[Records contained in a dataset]
====

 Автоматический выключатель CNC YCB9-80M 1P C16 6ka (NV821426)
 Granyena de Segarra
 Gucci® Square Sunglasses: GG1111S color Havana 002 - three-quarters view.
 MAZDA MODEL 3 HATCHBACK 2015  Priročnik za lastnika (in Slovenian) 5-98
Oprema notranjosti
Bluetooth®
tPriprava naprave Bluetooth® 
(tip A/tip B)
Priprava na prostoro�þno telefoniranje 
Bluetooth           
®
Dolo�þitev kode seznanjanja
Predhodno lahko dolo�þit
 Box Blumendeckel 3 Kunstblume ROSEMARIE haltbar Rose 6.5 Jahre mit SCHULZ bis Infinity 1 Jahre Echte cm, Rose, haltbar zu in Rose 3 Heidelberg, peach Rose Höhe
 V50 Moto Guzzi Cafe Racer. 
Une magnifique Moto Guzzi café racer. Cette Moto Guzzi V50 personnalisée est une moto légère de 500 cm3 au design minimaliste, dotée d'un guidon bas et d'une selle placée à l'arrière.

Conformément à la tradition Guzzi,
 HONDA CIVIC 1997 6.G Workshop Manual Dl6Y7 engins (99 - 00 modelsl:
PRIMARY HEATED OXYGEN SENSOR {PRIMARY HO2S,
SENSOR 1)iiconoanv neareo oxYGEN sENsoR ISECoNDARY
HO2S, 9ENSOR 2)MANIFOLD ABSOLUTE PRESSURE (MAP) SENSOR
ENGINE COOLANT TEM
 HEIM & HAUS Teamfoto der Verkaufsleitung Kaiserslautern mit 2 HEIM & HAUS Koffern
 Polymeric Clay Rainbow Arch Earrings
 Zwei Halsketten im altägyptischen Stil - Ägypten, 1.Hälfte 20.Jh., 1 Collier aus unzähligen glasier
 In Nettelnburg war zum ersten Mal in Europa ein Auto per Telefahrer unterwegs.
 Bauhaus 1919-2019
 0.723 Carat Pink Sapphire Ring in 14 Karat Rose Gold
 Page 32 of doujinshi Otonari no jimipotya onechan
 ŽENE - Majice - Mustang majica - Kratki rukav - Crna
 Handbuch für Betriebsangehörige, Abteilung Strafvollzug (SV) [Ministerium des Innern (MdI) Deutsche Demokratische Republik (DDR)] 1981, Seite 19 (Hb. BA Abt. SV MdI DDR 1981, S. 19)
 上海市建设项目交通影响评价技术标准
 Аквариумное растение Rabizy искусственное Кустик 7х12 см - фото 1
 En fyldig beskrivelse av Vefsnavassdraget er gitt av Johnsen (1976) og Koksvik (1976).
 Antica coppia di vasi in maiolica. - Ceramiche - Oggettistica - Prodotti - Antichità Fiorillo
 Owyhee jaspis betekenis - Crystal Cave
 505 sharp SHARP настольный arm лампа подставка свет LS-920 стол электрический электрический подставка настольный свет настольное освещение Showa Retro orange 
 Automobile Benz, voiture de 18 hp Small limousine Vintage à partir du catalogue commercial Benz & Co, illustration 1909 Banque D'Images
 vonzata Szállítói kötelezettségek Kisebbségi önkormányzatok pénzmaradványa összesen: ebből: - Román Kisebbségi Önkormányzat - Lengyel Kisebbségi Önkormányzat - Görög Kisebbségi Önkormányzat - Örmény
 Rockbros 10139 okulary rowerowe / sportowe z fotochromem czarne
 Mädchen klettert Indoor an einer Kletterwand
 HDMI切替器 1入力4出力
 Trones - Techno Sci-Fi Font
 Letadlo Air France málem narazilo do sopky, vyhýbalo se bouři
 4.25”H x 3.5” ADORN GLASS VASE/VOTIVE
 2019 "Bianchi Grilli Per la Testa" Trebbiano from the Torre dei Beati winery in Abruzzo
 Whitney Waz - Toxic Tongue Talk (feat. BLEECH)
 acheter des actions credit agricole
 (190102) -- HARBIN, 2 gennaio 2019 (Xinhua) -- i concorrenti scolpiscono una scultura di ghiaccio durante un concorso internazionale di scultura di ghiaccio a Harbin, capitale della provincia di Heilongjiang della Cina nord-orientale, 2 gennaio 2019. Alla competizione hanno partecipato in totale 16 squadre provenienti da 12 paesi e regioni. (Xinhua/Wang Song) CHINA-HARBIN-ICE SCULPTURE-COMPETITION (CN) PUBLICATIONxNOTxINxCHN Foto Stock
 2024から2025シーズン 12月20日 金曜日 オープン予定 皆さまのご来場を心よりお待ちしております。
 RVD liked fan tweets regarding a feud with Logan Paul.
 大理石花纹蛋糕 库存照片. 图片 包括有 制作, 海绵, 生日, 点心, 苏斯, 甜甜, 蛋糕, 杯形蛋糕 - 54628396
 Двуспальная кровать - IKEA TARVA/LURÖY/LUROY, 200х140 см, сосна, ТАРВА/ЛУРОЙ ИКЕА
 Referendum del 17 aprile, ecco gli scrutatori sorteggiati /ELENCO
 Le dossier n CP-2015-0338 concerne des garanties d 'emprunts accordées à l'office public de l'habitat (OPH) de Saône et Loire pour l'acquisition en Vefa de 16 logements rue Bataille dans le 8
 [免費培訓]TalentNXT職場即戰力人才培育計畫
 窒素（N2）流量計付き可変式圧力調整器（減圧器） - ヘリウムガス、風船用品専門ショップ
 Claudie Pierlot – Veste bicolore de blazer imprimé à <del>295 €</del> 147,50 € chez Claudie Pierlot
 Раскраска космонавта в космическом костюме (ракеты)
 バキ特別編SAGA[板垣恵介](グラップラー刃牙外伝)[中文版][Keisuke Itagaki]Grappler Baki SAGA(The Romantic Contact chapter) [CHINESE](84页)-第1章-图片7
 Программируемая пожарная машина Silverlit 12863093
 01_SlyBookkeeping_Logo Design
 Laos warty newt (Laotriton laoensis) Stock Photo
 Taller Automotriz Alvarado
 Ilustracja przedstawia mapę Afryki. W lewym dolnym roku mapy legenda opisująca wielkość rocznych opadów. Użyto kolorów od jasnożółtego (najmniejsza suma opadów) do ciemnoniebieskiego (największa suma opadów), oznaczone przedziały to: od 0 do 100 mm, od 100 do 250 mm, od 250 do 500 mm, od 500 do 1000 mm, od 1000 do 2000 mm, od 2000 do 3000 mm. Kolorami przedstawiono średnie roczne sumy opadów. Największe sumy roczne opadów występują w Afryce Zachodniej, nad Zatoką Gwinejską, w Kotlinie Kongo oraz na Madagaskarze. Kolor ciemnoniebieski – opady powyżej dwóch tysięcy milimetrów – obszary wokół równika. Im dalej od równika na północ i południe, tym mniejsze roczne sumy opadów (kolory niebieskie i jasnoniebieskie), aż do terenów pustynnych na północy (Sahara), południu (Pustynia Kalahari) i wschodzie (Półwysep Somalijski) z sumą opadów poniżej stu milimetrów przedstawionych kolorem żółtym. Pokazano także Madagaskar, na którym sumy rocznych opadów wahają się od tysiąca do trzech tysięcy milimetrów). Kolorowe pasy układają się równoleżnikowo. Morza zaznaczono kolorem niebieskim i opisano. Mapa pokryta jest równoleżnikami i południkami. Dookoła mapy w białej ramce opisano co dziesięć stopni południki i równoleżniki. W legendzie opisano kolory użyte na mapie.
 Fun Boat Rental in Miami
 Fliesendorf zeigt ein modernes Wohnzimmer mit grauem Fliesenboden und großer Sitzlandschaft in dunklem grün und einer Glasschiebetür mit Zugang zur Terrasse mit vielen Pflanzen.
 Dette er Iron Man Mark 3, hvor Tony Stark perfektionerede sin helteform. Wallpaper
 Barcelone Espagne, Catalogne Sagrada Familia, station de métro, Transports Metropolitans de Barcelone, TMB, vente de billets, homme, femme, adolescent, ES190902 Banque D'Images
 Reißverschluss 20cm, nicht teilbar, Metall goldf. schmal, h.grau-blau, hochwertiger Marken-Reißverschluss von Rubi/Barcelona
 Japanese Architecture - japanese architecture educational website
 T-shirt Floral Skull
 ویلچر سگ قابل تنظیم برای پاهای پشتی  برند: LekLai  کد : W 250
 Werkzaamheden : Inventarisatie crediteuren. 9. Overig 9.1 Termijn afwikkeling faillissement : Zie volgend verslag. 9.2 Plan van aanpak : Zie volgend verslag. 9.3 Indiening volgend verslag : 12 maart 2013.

====

[Exercise aim]
Beginning at the line with "Taller Automotriz Alvarado" and stopping after the line with "Barcelone Espagne, Catalogne", please write out every line of the data above exactly and nothing else.

[Solved exercise]
 Taller Automotriz Alvarado
 Ilustracja przedstawia mapę Afryki. W lewym dolnym roku mapy legenda opisująca wielkość rocznych opadów. Użyto kolorów od jasnożółtego (najmniejsza suma opadów) do ciemnoniebieskiego (największa suma opadów), oznaczone przedziały to: od 0 do 100 mm, od 100 do 250 mm, od 250 do 500 mm, od 500 do 1000 mm, od 1000 do 2000 mm, od 2000 do 3000 mm. Kolorami przedstawiono średnie roczne sumy opadów. Największe sumy roczne opadów występują w Afryce Zachodniej, nad Zatoką Gwinejską, w Kotlinie Kongo oraz na Madagaskarze. Kolor ciemnoniebieski – opady powyżej dwóch tysięcy milimetrów – obszary wokół równika. Im dalej od równika na północ i południe, tym mniejsze roczne sumy opadów (kolory niebieskie i jasnoniebieskie), aż do terenów pustynnych na północy (Sahara), południu (Pustynia Kalahari) i wschodzie (Półwysep Somalijski) z sumą opadów poniżej stu milimetrów przedstawionych kolorem żółtym. Pokazano także Madagaskar, na którym sumy rocznych opadów wahają się od tysiąca do trzech tysięcy milimetrów). Kolorowe pasy układają się równoleżnikowo. Morza zaznaczono kolorem niebieskim i opisano. Mapa pokryta jest równoleżnikami i południkami. Dookoła mapy w białej ramce opisano co dziesięć stopni południki i równoleżniki. W legendzie opisano kolory użyte na mapie.
 Fun Boat Rental in Miami
 Fliesendorf zeigt ein modernes Wohnzimmer mit grauem Fliesenboden und großer Sitzlandschaft in dunklem grün und einer Glasschiebetür mit Zugang zur Terrasse mit vielen Pflanzen.
 Dette er Iron Man Mark 3, hvor Tony Stark perfektionerede sin helteform. Wallpaper
 Barcelone Espagne, Catalogne Sagrada Familia, station de métro, Transports Metropolitans de Barcelone, TMB, vente de billets, homme, femme, adolescent, ES190902 Banque D'Images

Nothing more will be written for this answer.